Chemical shift flags - at least one of these is required:
  -ca eg.ca: Calpha chemical shifts
  -cb eg.cb: Cbeta chemical shifts
  -co eg.co: Carbonyl chemical shifts
  -ha eg.ha: Halpha chemical shifts
  -hn eg.hn: Backbone amide proton chemical shifts
  -n eg.n: Backbone amide nitrogen chemical shifts

  -r: Rereferencing flag. Carbon chemical shifts will be rereferenced. The amount will be shown at the top of the output file. Both CA and CB shifts are required for this (OPTIONAL)
  -o 0.2: Referencing offset will be adjusted by the value given. This occurs after rereferncing if -r is given. (OPTIONAL)
  -m 5: Weighted averaging will occur over the number of residues given. The default is 5. (OPTIONAL)
  -f -1: Offset sequence numbering of the chemical shift files by the value given. Residue 1 must correspond to the first amino acid in the sequence file. (OPTIONAL)
  -d: Secondary chemical shifts flag. Instead of SSP scores, secondary chemical shifts will be output. Use only one type of chemical shift, or if CA and CB are given, CA-CB secondary chemical shifts will be output. No averaging is used. (OPTIONAL)
  -t 10-20: Total average secondary structure over the range give will be output. To show for the whole protein, just use -t 1. These values will be shown at the bottom of the output. (OPTIONAL)

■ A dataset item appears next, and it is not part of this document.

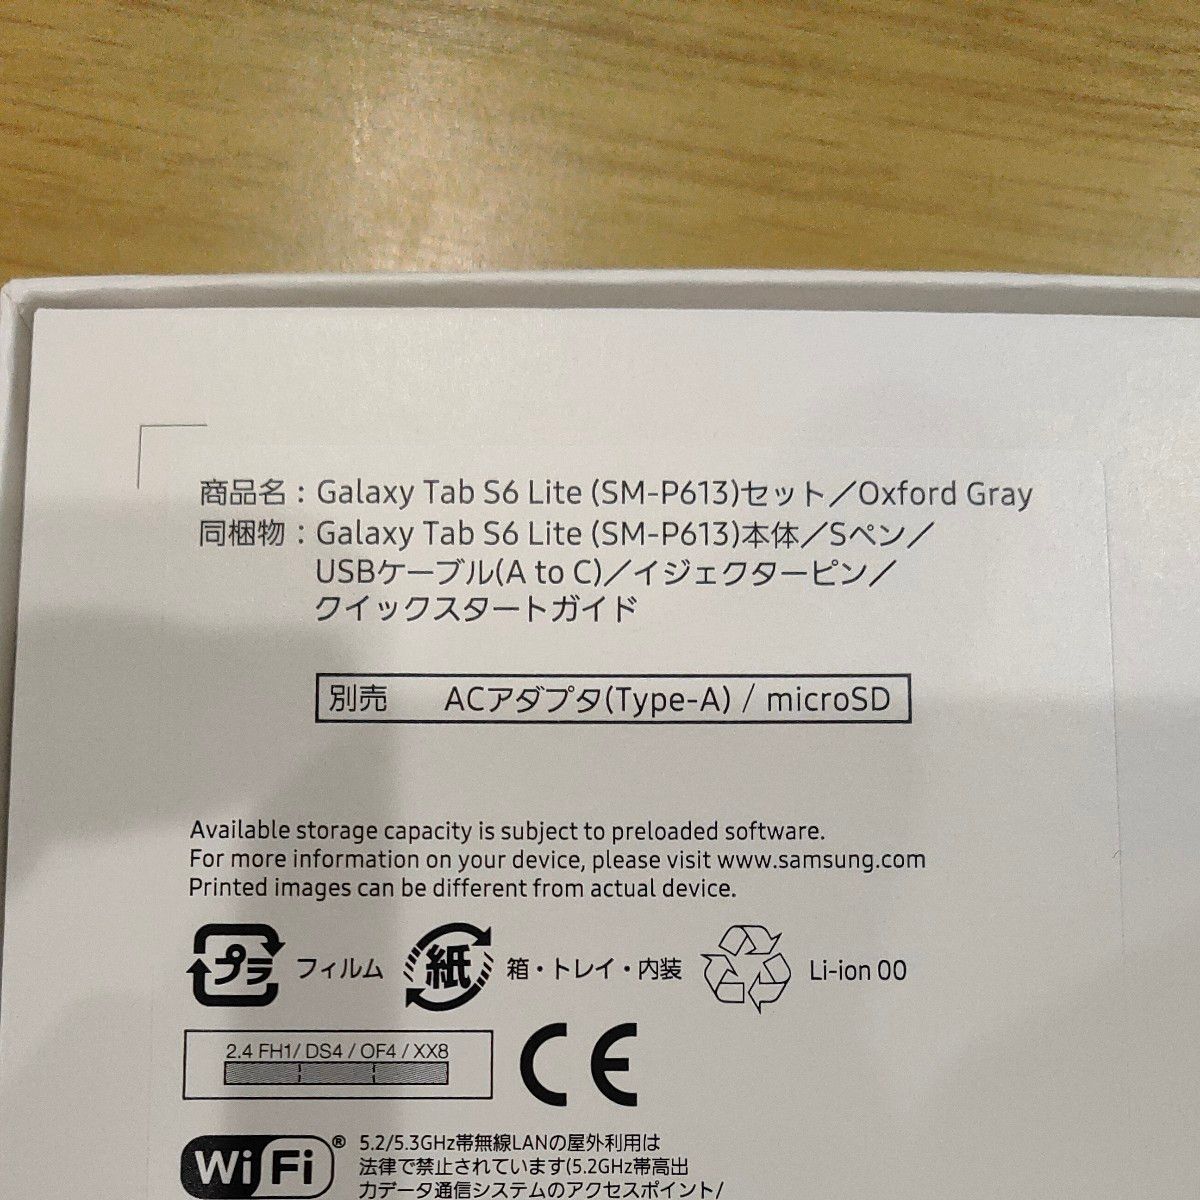 Samsung Galaxy Tab S6 Lite (Wi-Fi)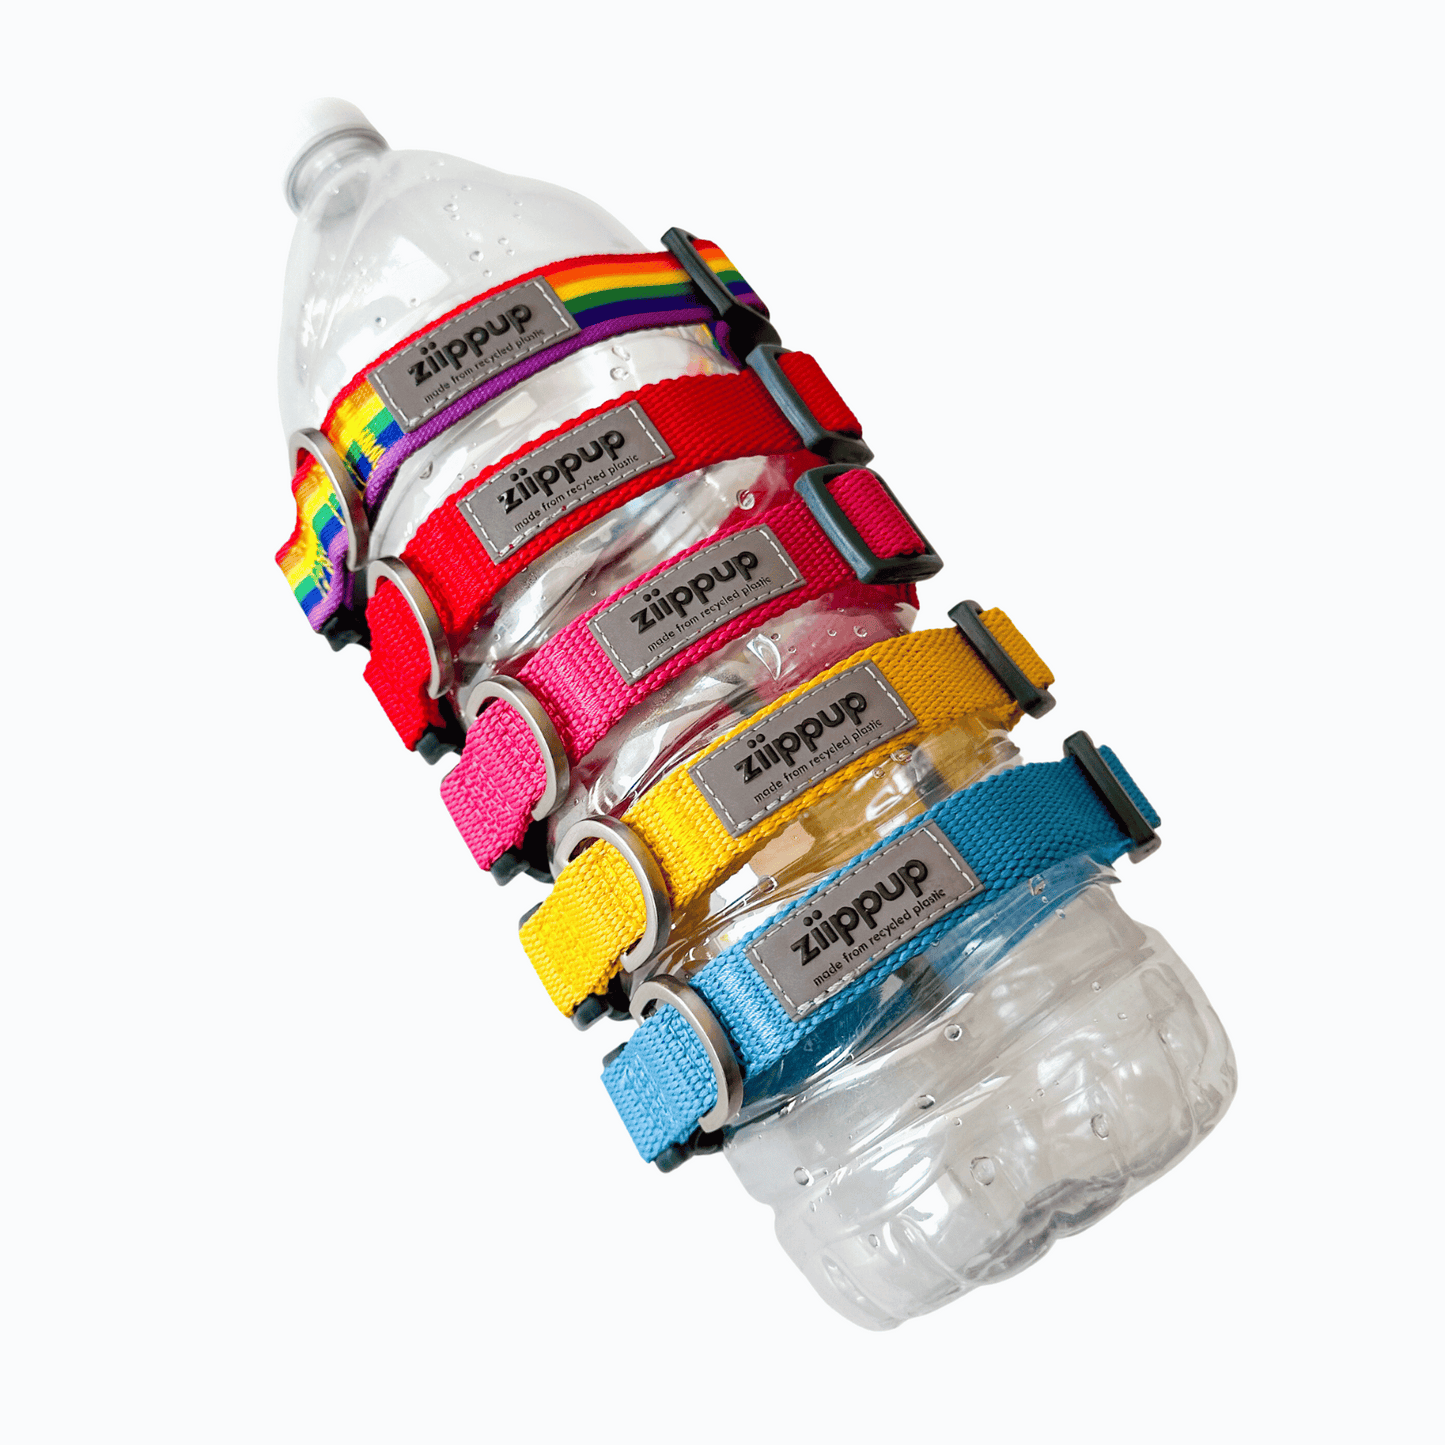 Ziippup dog collars on plastic bottle

OTHER CONFIGURATION OPTIONS:
Various options can be set by changing variables in the CONFIG section of the ssp file.

-Random coil chemical shift files: $csref{CA}, $csref{CB}...
-Secondary structure chemical shifts and standard deviations: $ssref{CA}...
-Weighting of chemical shift types: $strand_bias{CA}, $helix_bias{CA}...
	These should probably all be left at 1.
-SSP limit: $sslimit [set as 1 for true, 0 for false]
	This sets the max SSP score from a single atom in order to prevent dominance of the weighting by extreme outliers. The default is 1.2, this should be fine for disordered proteins but probably should be increased to at least 1.5 or 2 for folded proteins.
-Ignore residue before proline: $ignore_pro [1 - true, 0 - false]
	This ignores residues immediately preceding prolines which are often extreme outliers. Set to 1 by default.
-Ignore cysteines: $ignore_cys [1 -true, 0 - false]
	If there are disulfides in the protein, they can cause strange results. This is set to 0 by default but should be turned on when working with folded proteins with disulfides. Alternatively, known disulfides could be changed from C to X in the sequence file, thus causing them to be ignored.
-Ignore beta glycines: $ignore_gly [1 - true, 0 - false]
	Since glycine has no CB and CA is a poor measure of beta structure, glycines in the beta structure region often are extreme outliers. This is off by default and should not be necessary if weighted averaging is on since these values are very weakly weighted.
-Ignore residues with no chemical shifts: $skip_blank [1 -true, 0 - false]
	This will not give a SSP score for residues with no chemical shifts if on. Else it will give a value calculated from the weighted average around it. On by default.
-Weighted averaging: $mavg
	This is equivalent to the -m flag above. Note that this is not a normal moving average because it is weighted by the sensitivity of different chemical shifts for secondary structure. The default is 5.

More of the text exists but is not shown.